The above process has yielded tuples of latitudes and longitudes where an artifact's country of origin was available, and null where it hasn't. To average this, we're going to have to do some math, because the earth is round and we can't just add the latitudes and longitudes up:

In [9]:
#We're going to have to convert degrees to radians, so let's define a function to do that:

def to_radians(latlong):
    try:
        return (latlong[0]*3.142/180, latlong[1]*3.142/180)
    except:
        pass

#Next, because the earth is round, we have to convert these to cartesian coordinates:
def to_cartesian(latlongradians):
    try:
        x = math.cos(latlongradians[0]) * math.cos(latlongradians[1])
        y = math.cos(latlongradians[0]) * math.sin(latlongradians[1])
        z = math.sin(latlongradians[0])
        return(x,y,z)
    except:
        pass
    
#Finally, we convert back to our original latitude/longitude:
def to_latlong(cartesian):
    try:
        x = cartesian[0]
        y = cartesian[1]
        z = cartesian[2]
        lon = math.atan2(y, x)
        hyp = math.sqrt(x * x + y * y)
        lat = math.atan2(z, hyp)
        return(lat*180/3.142,lon*180/3.142)
    except:
        pass
    
print data['GeoLocations'][90]    
print to_radians(data['GeoLocations'][90])
print to_cartesian(to_radians(data['GeoLocations'][90]))
print to_latlong(to_cartesian(to_radians(data['GeoLocations'][90])))
(39.7837304, -100.4458824)
(0.6944471162044444, -1.75333868056)
(-0.13948924758883874, -0.7556408246036178, 0.6399606972302785)
(39.7837304, -100.4458824)

Looks like this works! Now, let's map it to the entire series:

In [10]:
data['GeoRadians'] = map(to_radians,data['GeoLocations'])
data['GeoCartesian'] = map(to_cartesian, data['GeoRadians'])

#Now, let's average across all the dimensions by reducing:
geo_no_nan = data.loc[data['GeoCartesian'].isnull() == False]['GeoCartesian']

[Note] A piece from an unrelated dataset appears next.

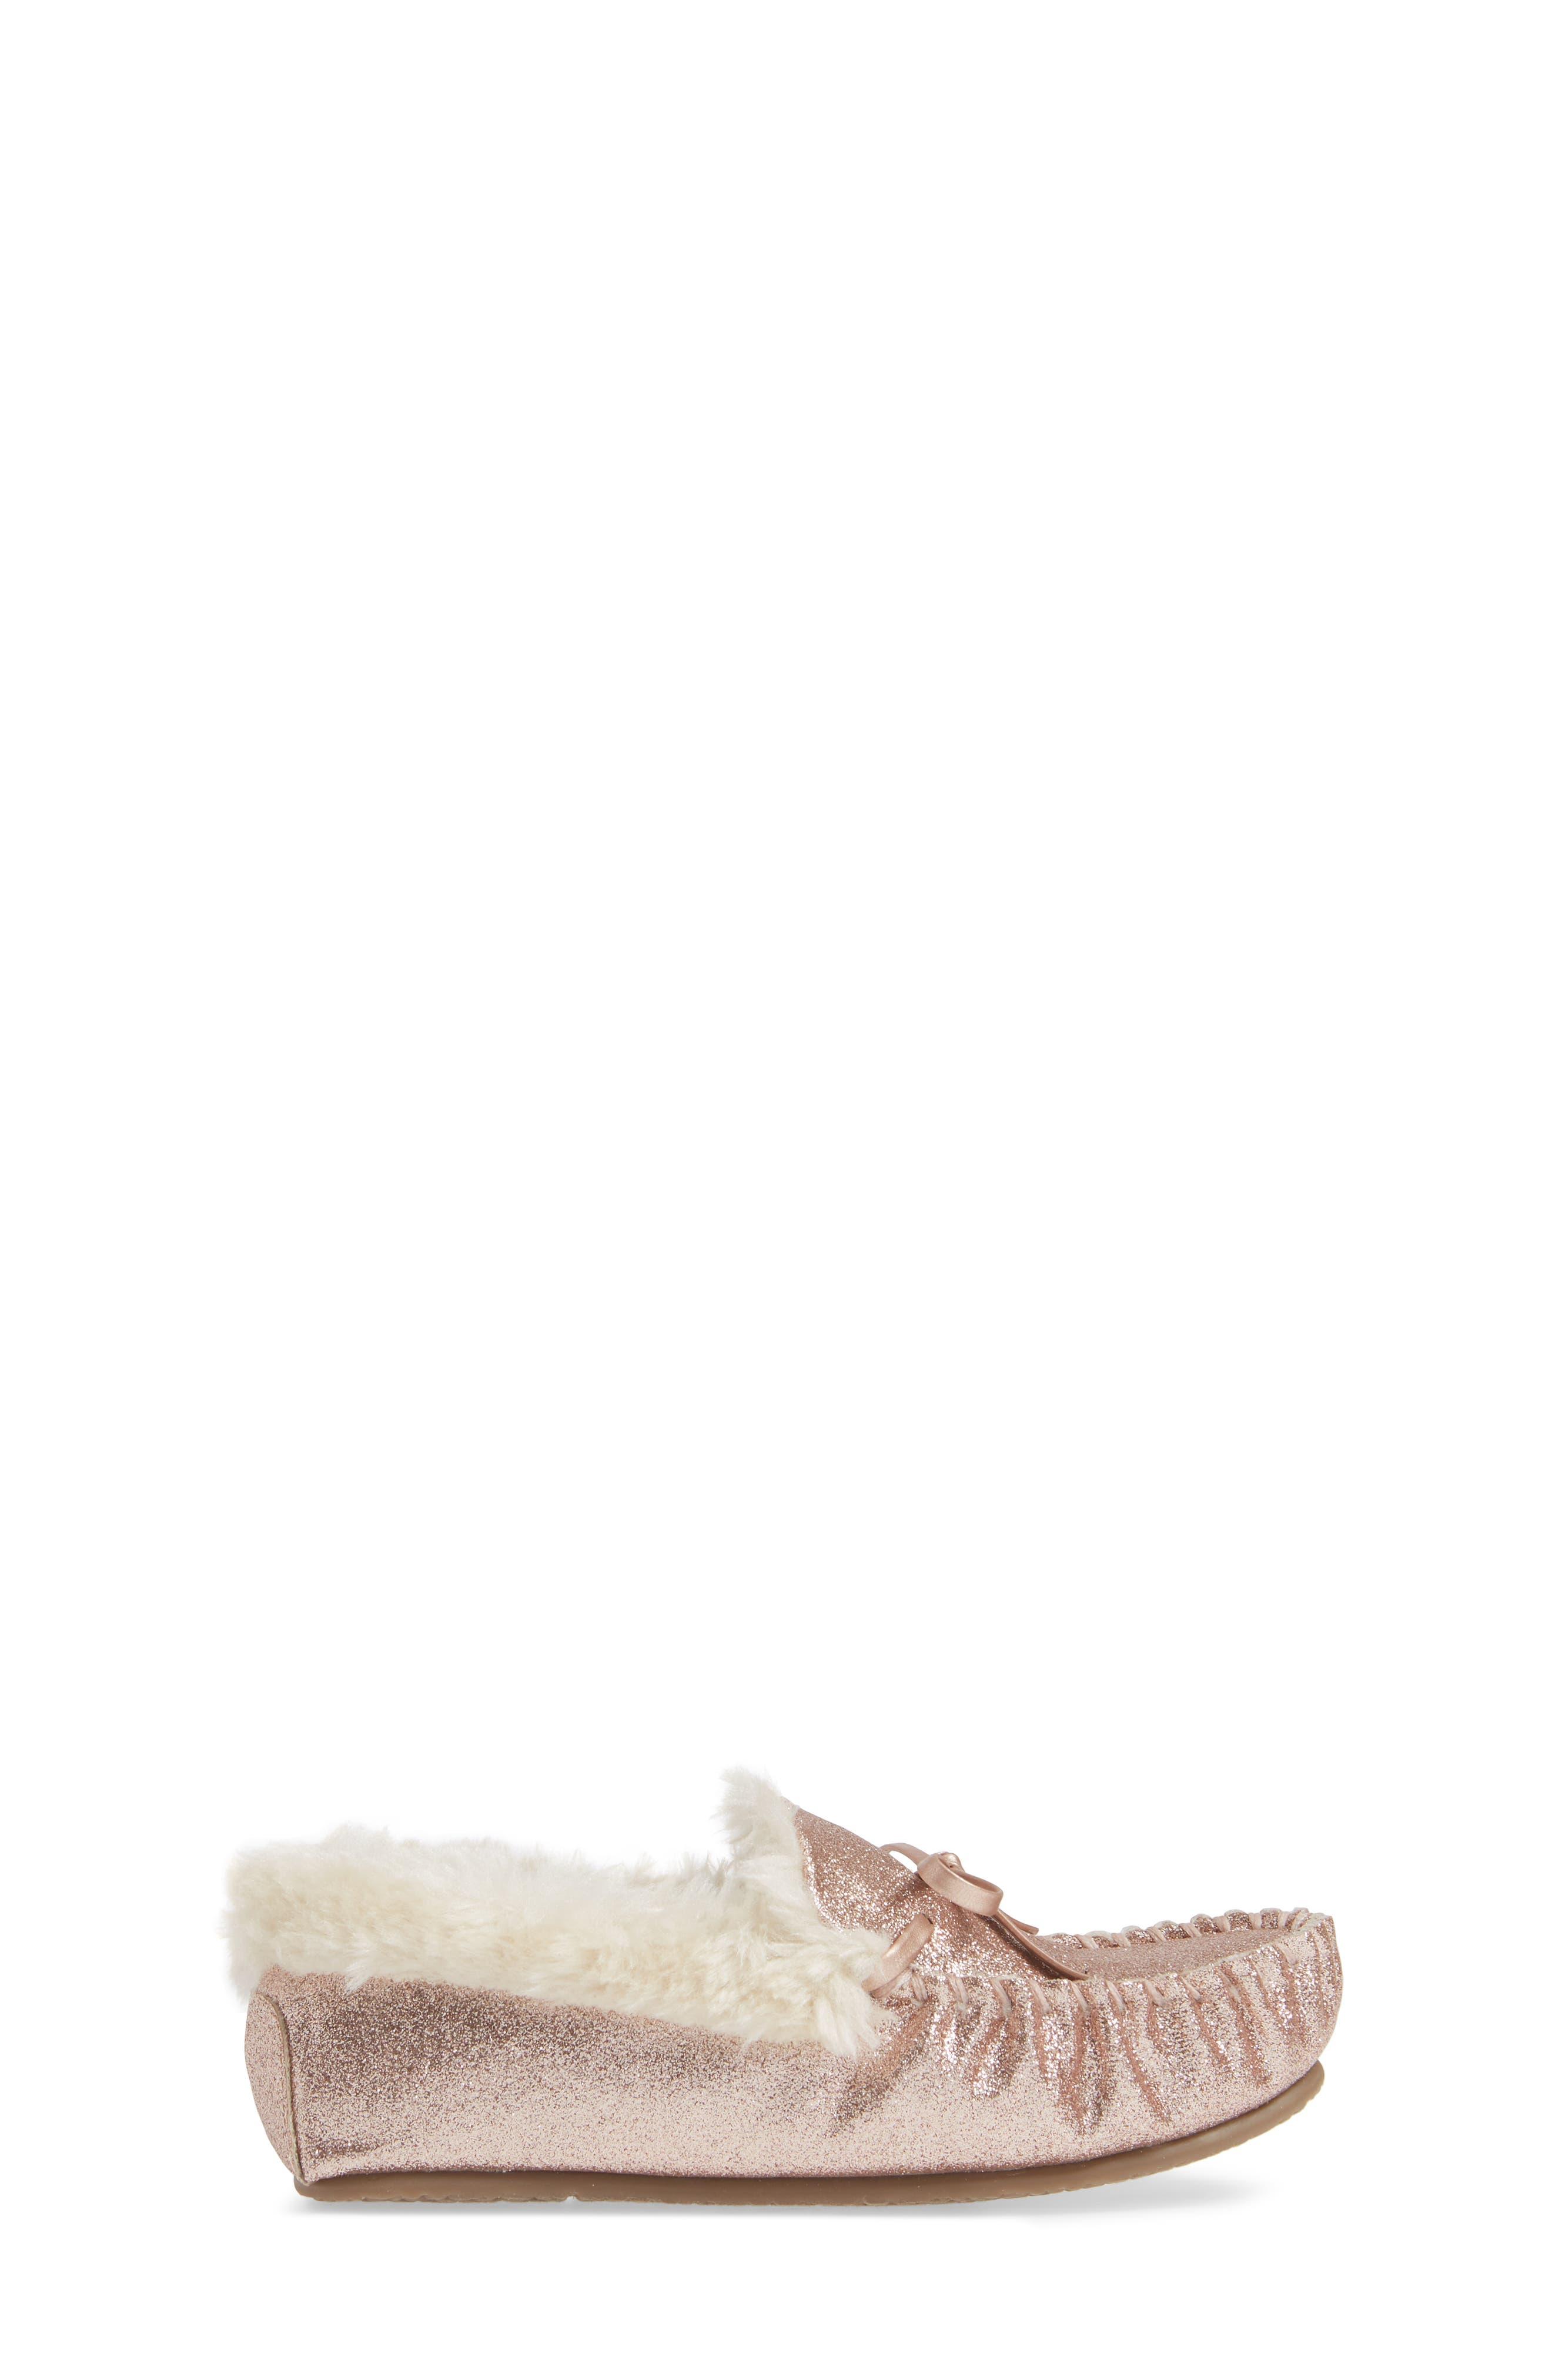 Mila Faux Fur Moccasin Slipper,                             Alternate thumbnail 3, color,                             710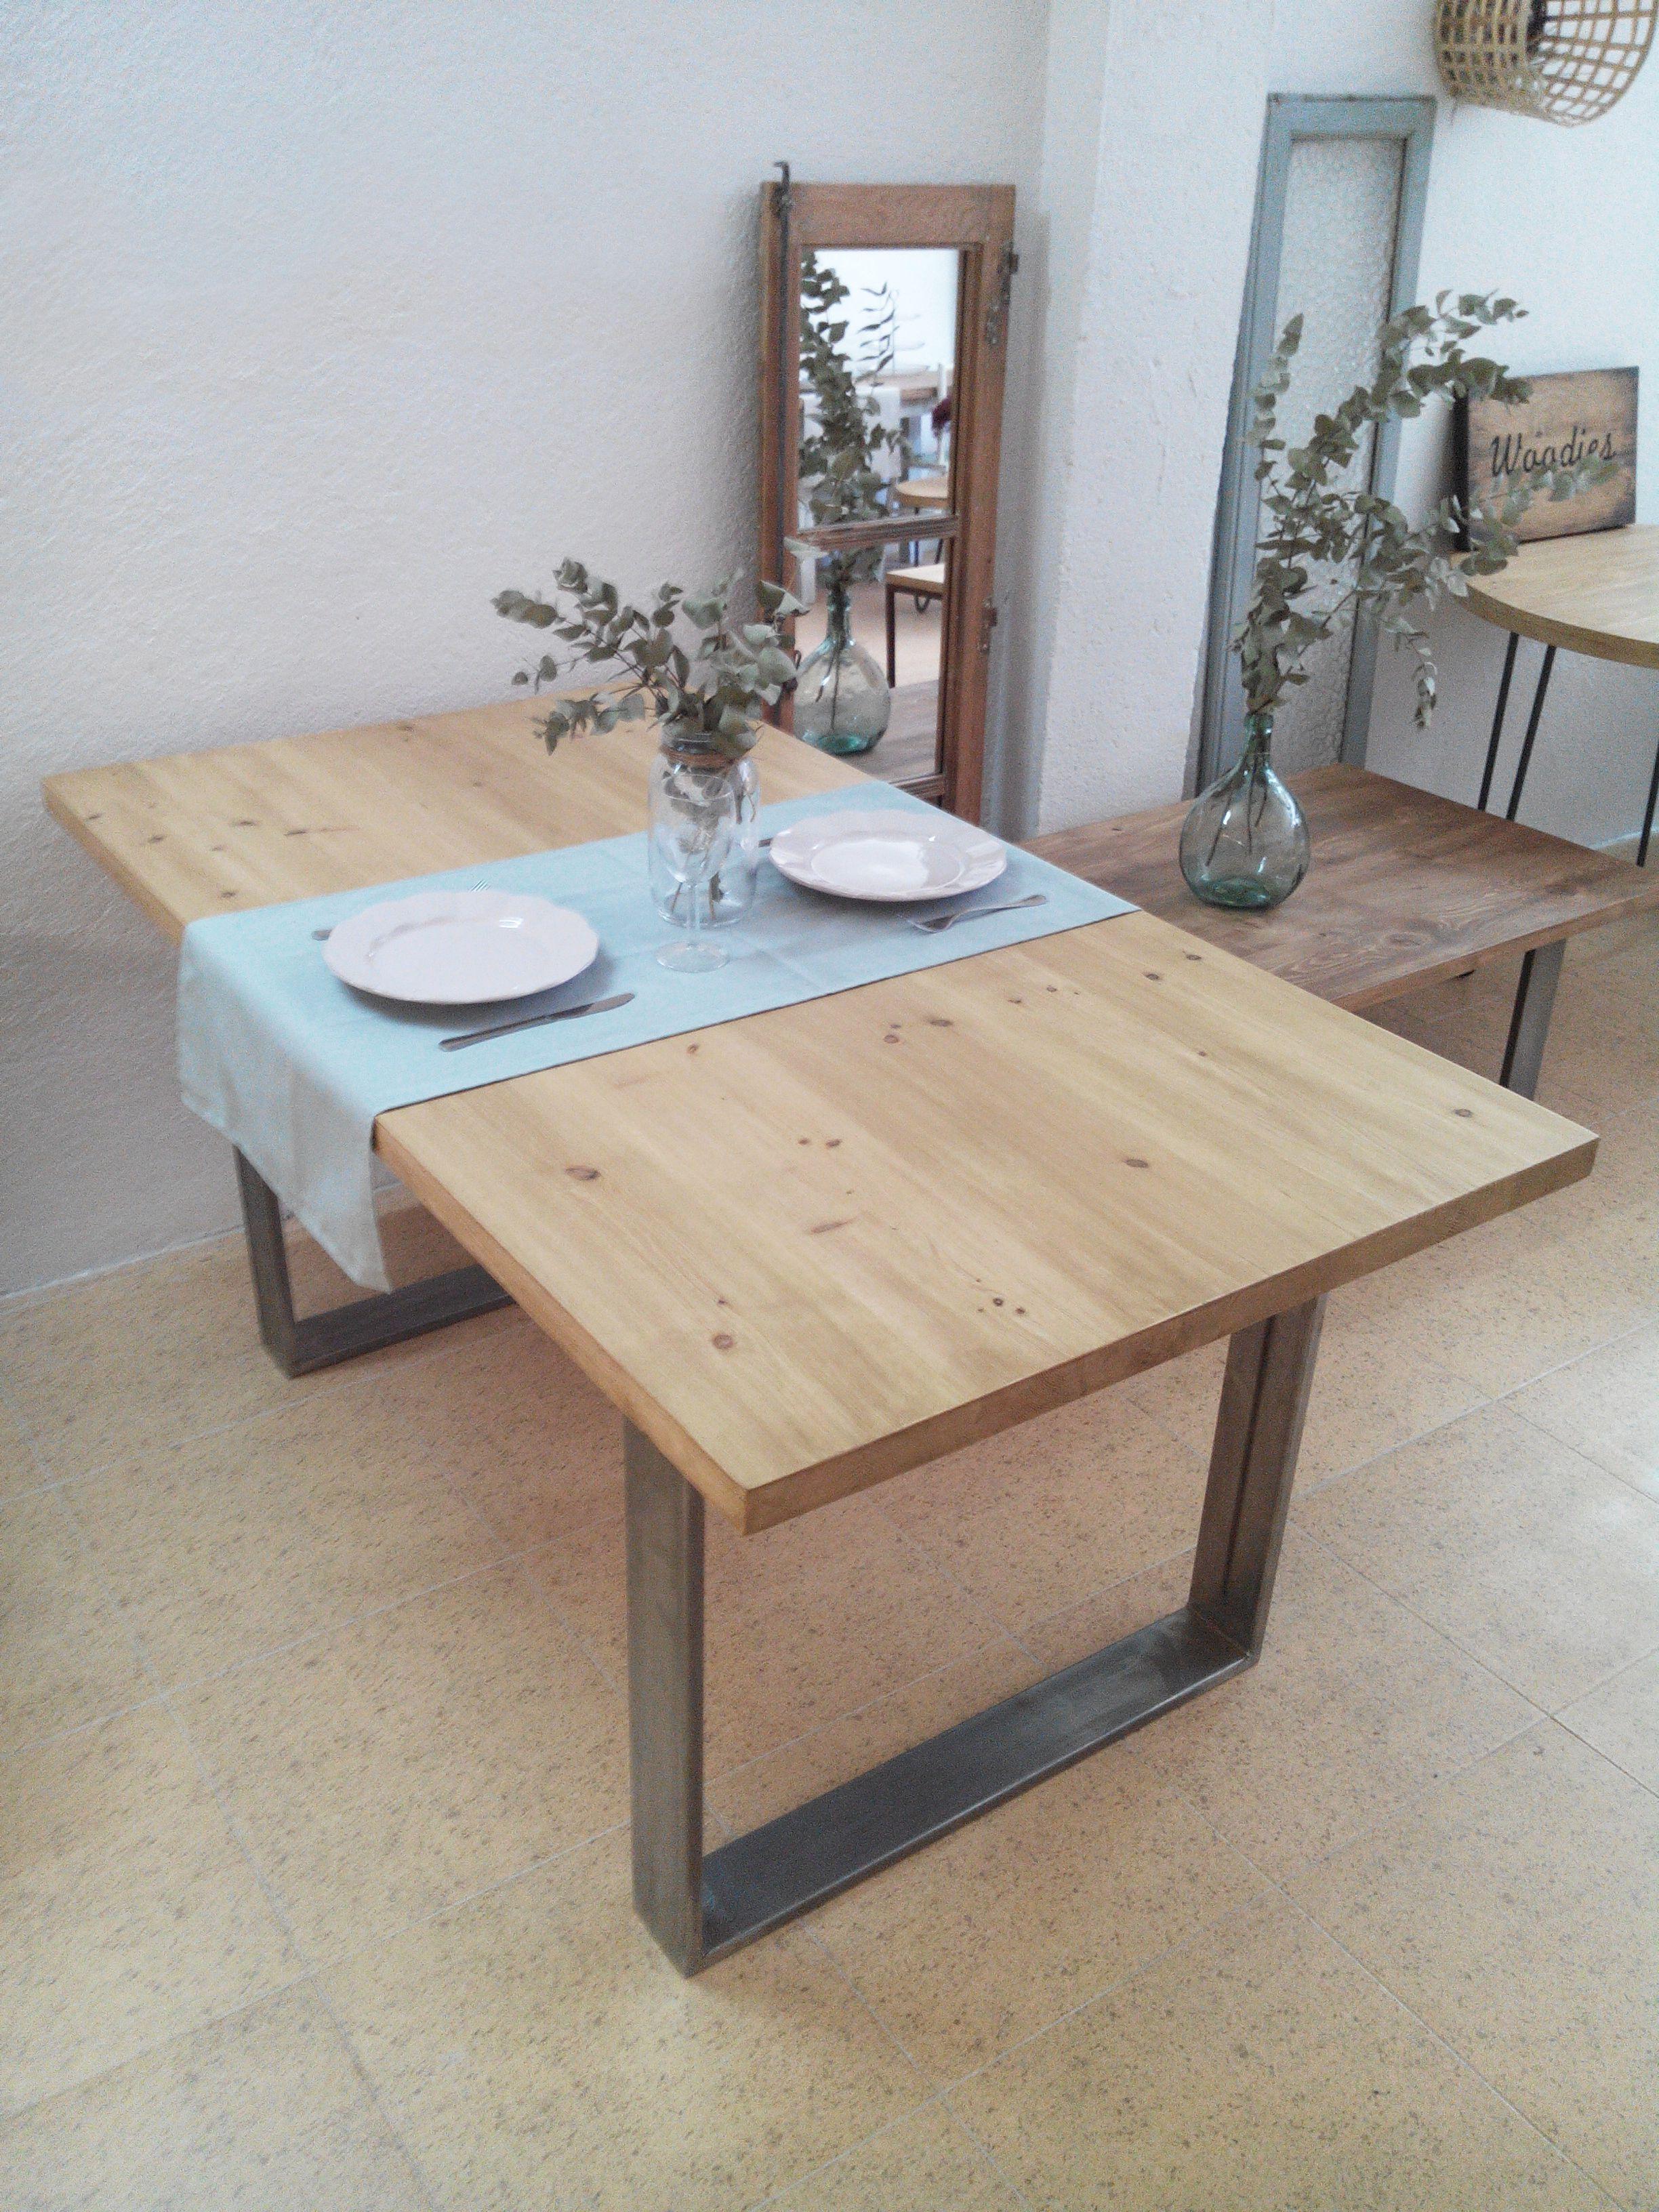 Mesa de comedor industrial mesa de comedor hecha con - Muebles de madera natural ...

avgcoordinates = reduce(lambda x,y: (x[0] + y[0], x[1] + y[1], x[2] + y[2]), geo_no_nan)
print avgcoordinates
avgcoordinates = (avgcoordinates[0]/len(geo_no_nan), avgcoordinates[1]/len(geo_no_nan), avgcoordinates[2]/len(geo_no_nan))
print avgcoordinates
print to_latlong(avgcoordinates)
(1612.787448314339, -17961.012440354283, 33139.39424219098)
(0.036587737030724564, -0.40746398458154, 0.7518011397956211)
(61.43857821633736, -84.85795258473567)

This procedure says that the location where the average artifact is manufactured is in the Hudson Bay in Canada:

In [11]:
IFrame('''https://www.google.com/maps/embed?pb=!1m18!1m12!1m3!1d9892352.643336799!2d-98.04822081277437\
!3d59.40187990911089!2m3!1f0!2f0!3f0!3m2!1i1024!2i768!4f13.1!3m3!1m2!1s0x0%3A0x0!2zNjHCsDI2JzE4LjkiTiA\
4NMKwNTEnMjguNiJX!5e0!3m2!1sen!2sus!4v1462926074704''', width = 800, height = 600)
Out[11]:

This seems a little strange to me, and I'm definitely going to have to dig deeper in a future post, but I think my math is right, and perhaps I'm just visualizing this in my head wrongly.